How to Check Tire Size: Reading the Numbers on Your Sidewall
Your tire size is printed right on the tire itself — but the string of numbers and letters looks like a code until you know what each part means. Once you do, you can read it off any tire in about 30 seconds.
Where to Find Your Tire Size
There are three places to look:
- The tire sidewall — the outer edge of the tire, facing you when the vehicle is parked
- The driver's door jamb sticker — a white or yellow label inside the driver's door frame that lists the factory-recommended tire size
- The owner's manual — usually in the maintenance or specifications section
The sidewall is the most direct source. The door jamb sticker tells you what size your vehicle was originally designed to use, which may or may not match what's currently on the car if tires were ever swapped.
How to Read the Tire Size Code
A standard passenger tire size looks like this:
P215/65R16 98H
Each section tells you something specific.
| Segment | Example | What It Means |
|---|---|---|
| Type prefix | P | "P" = passenger car; "LT" = light truck; no letter = Euro metric |
| Section width | 215 | Tire width in millimeters, measured sidewall to sidewall |
| Aspect ratio | 65 | Sidewall height as a percentage of the width |
| Construction | R | "R" = radial (standard on nearly all modern tires) |
| Wheel diameter | 16 | Rim diameter in inches — the wheel size this tire fits |
| Load index | 98 | How much weight the tire can support |
| Speed rating | H | Maximum sustained speed the tire is rated for |
So P215/65R16 means: passenger tire, 215mm wide, sidewall height is 65% of 215mm, radial construction, fits a 16-inch rim.
The Two Numbers That Matter Most for Replacement
When buying replacement tires, the three numbers you'll hear most are width/aspect ratio/wheel diameter — in the example above, that's 215/65/16. These determine whether a tire physically fits your wheel and clears your wheel well without rubbing.
🔢 A wider tire (higher first number) gives more contact patch. A lower aspect ratio (second number) means a shorter sidewall. These changes affect handling, ride comfort, fuel economy, and speedometer accuracy — even if the tire technically fits the rim.
What the Load Index and Speed Rating Tell You
Load index is a number that corresponds to a maximum weight rating. A load index of 98 means each tire can support roughly 1,653 pounds. You don't need to memorize the chart, but you do need to make sure a replacement tire's load index meets or exceeds the original spec — especially on trucks and SUVs that carry cargo or tow.
Speed rating is a letter tied to a maximum speed. Common ratings include:
- S — up to 112 mph
- T — up to 118 mph
- H — up to 130 mph
- V — up to 149 mph
- W / Y — 168 mph and above
For most everyday drivers, speed rating affects tire construction stiffness and heat resistance more than it limits actual driving. Replacing a higher-rated tire with a lower-rated one can matter in ways beyond top speed.
When the Sidewall Shows Something Different
Not every tire follows the standard passenger format. You might see:
- LT265/70R17 121/118S — a light truck tire with a dual load rating (single and dual rear wheel configurations)
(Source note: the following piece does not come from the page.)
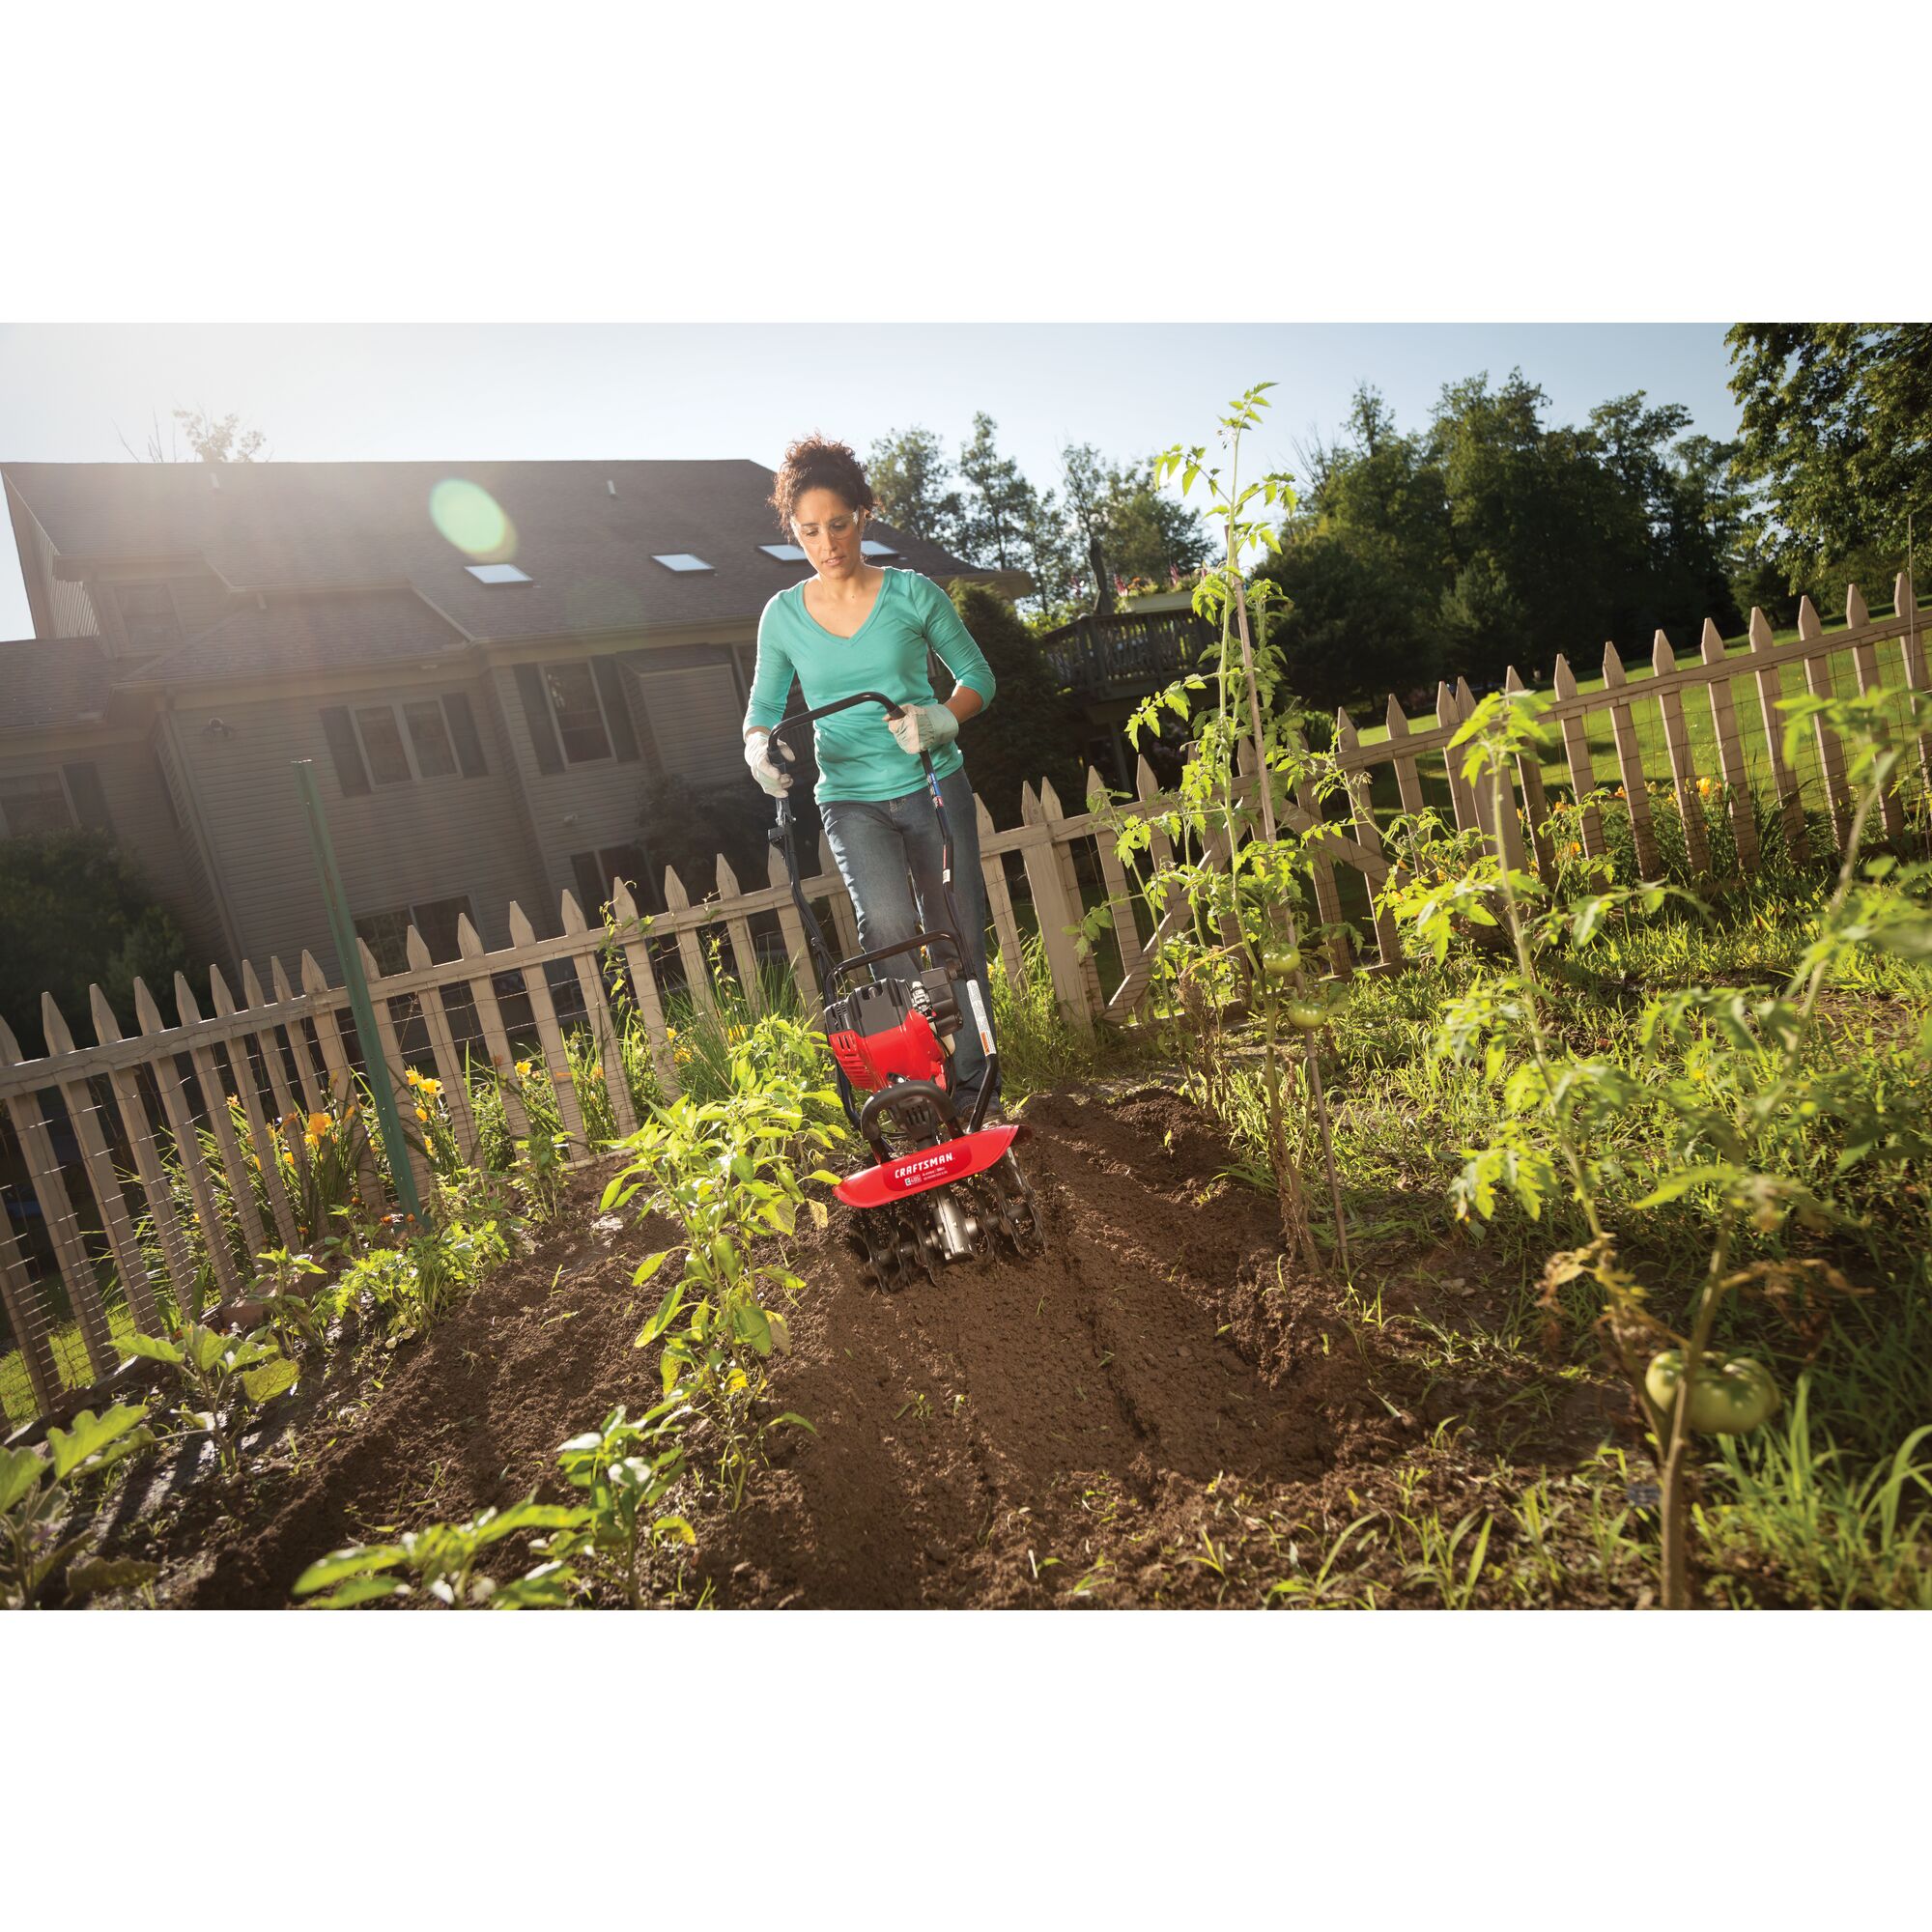 CRAFTSMAN gas cultivator in front view cultivating garden in jeans and teal shirt

- 275/40ZR20 — a performance tire with the speed rating embedded in the size
- T125/70D16 — a compact spare ("T" for temporary, "D" for diagonal/bias-ply construction)
- ST205/75R15 — a special trailer tire, not meant for passenger use
The prefix letters and additional markings shift based on tire category and intended use. Reading the full string — not just the three core numbers — helps you understand what you're actually looking at.
Cross-Checking the Sidewall Against the Door Sticker
🚗 Your door jamb sticker lists the tire size the vehicle manufacturer specified for that exact trim and configuration. If the tire on your car matches the sticker, you know it's the factory size. If the numbers differ, someone installed a non-stock size at some point — which isn't always wrong, but it's worth knowing.
The sticker also lists the correct inflation pressure. That's separate from anything printed on the tire itself. The max pressure molded into the tire sidewall is not your target inflation — it's the tire's structural ceiling.
Why the Same Vehicle Can Have Different Sizes
Even identical model years from the same automaker can come with different tire sizes depending on:
- Trim level — higher trims often have larger wheels and lower-profile tires
- Optional wheel packages — dealer or factory upgrades that swap rim diameter
- Regional specifications — some markets use different configurations
- Previous owner changes — aftermarket wheels, lifted suspensions, or plus-sizing
This is why checking the actual tire and the actual door sticker on your specific vehicle matters more than looking up a size online for your make and model. Two cars can share a year, make, and model but wear meaningfully different tires.
The numbers are all there on the sidewall — once you know the format, your tire tells you exactly what it is. Whether those specs match your vehicle's requirements, your driving conditions, and your load needs is a different question — one that depends on the specifics of your own situation.